I love history. But the more I learn, the happier I am to be living now.
Yes, it would have been great to hear Mozart playing live. or maybe watch Shakespeare putting on a show. But then you've got to remember, Mozart croaked at 31, and Shakespeare shuffled off this mortal coil at just 52.
The fact is, until recently, life for most people was nasty, brutish, and above all — short.
The causes are pretty obvious: bad food, bad hygiene, bad toilet habits, and almost no understanding of infectious disease. Thank goodness for antibiotics, vaccines and modern sanitation. Sewage systems, by the way, were introduced in the 19th century, just about the same time bureaucrats started collecting big data on births and deaths.
And their stats are pretty grim. About one in four children born in America or England in the 1860s would die before their 5th birthday. And that was nationally. In crowded cities like Liverpool, in England, that figure could reach 50 percent.
Adults fared better, but even in the prime of life — in your 20s and 30s — you could expect to attend the funerals of 1 percent of people the same age as you — every year. Nowadays, for Americans, that rate is 10 times lower. And it's not just in the US and Britain that things are better.

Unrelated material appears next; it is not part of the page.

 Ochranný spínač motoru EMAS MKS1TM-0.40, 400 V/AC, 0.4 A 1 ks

Even in war-torn Syria, life expectancy today is actually better than in Victorian England. And even in the deadliest country on earth today — Sierra Leone — you're going to live longer than the average American born in the same year as FDR (1882.)
So when it comes to thinking about the history of death, the first thing you have to realize is that — for most of human existence —- death was a constant companion.

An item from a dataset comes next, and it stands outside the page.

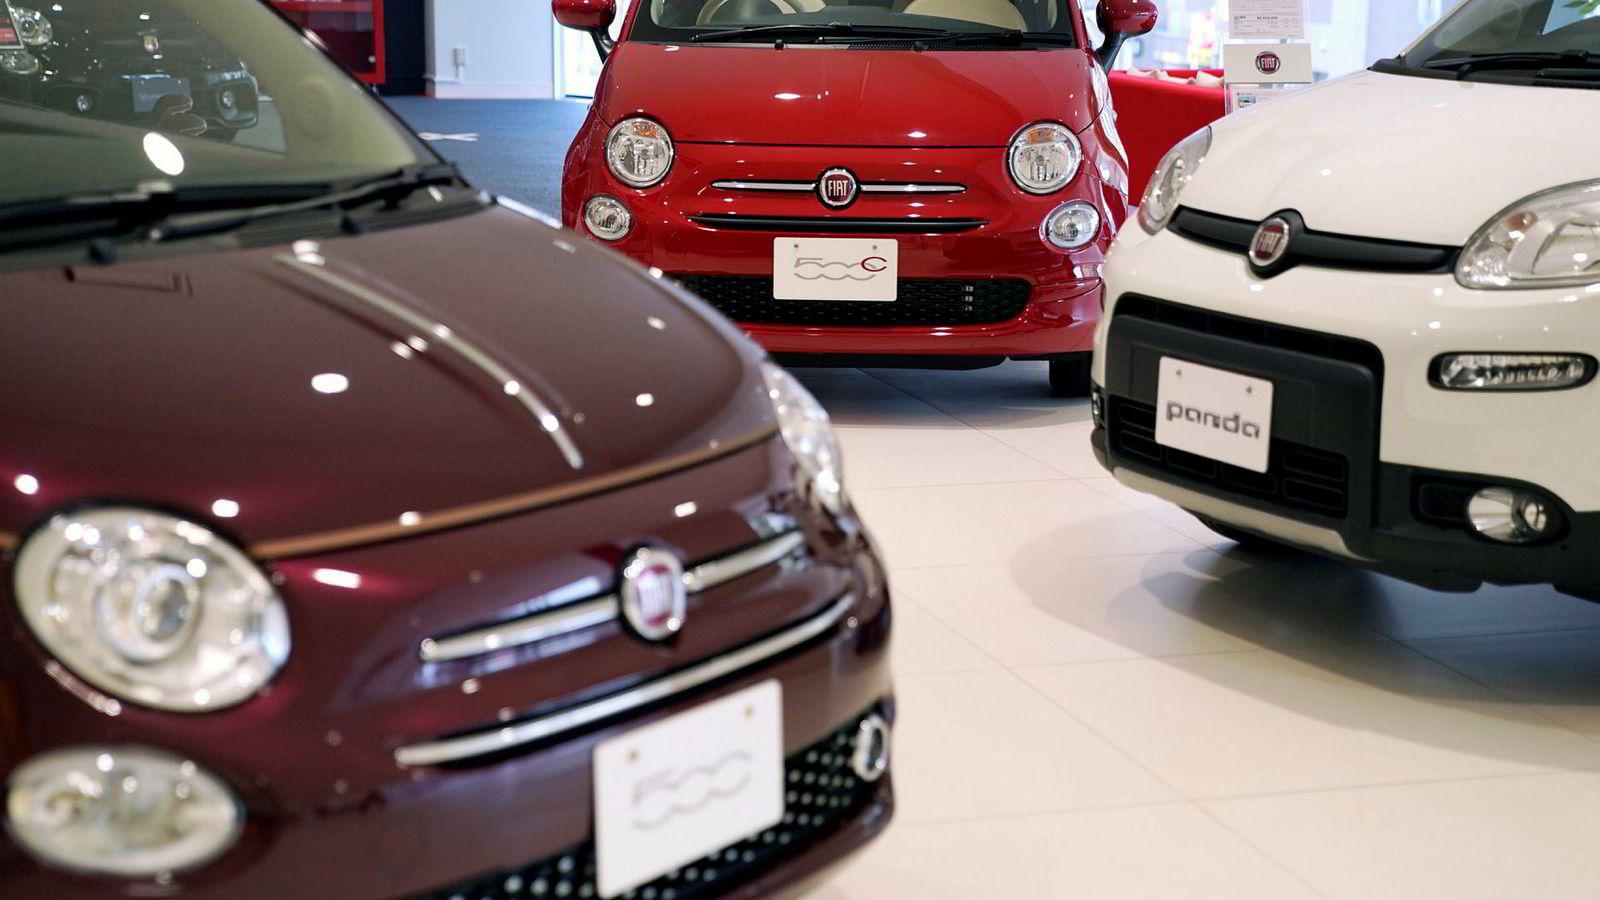 Fiat Chrysler og Renault vil sannsynligvis starte formelle fusjonsforhandlinger på mandag. Produsenten av lille og populære Fiat 500 og Panda sikter mot å bli verdens største bilallianse.

And the second is, we just don't SEE death in the way we used to. Most people used to die at home, and their bodies would be cleaned and prepared for burial or cremation by their families. Nowadays, most Americans die in the hospital — there's no need even to see the body of your loved one, if you don't want to.
And then there's the rituals and superstitions. There was a great fear of premature burial in the 19th century, so if you had the money, you might have a bell put on your grave, connected by string to your finger, so you could ring for help — if you got better. For those left above ground, mourning was heavy on the ritual.
In Victorian England, if you lost an immediate family member, you were expected to wear black for a full year. Black drapes were also supposed to be hung on your house for specified periods. And in Spain and Portugal until quite recently, widows were supposed to wear black for the rest of their lives.
So did this constant contact with death make it any easier to cope with? Perhaps. For some.
But take a little time to check out letters and journals, and you soon see that grief could be just as hard as it is today. Take the hard-nosed British general, Charles Cornwallis — known for his aristocratic reserve. He left the war in America when he heard his beloved wife, Jemima, the mother of his two children, was seriously ill with liver disease. He was able to spend a final few weeks with her, but she died on Valentine's Day, 1779, aged just 31. The general shut himself off from his friends — but poured out his heart in letters like this one to his brother. He wrote that Jemima's death "effectually destroyed all my hopes of happiness in this world. ... The mere thought of her harrows up my soul."
So maybe it's OK that we never saw Shakespeare put on Macbeth, or heard Mozart playing a piano concerto.
At least we have a better chance of growing old with the people we love.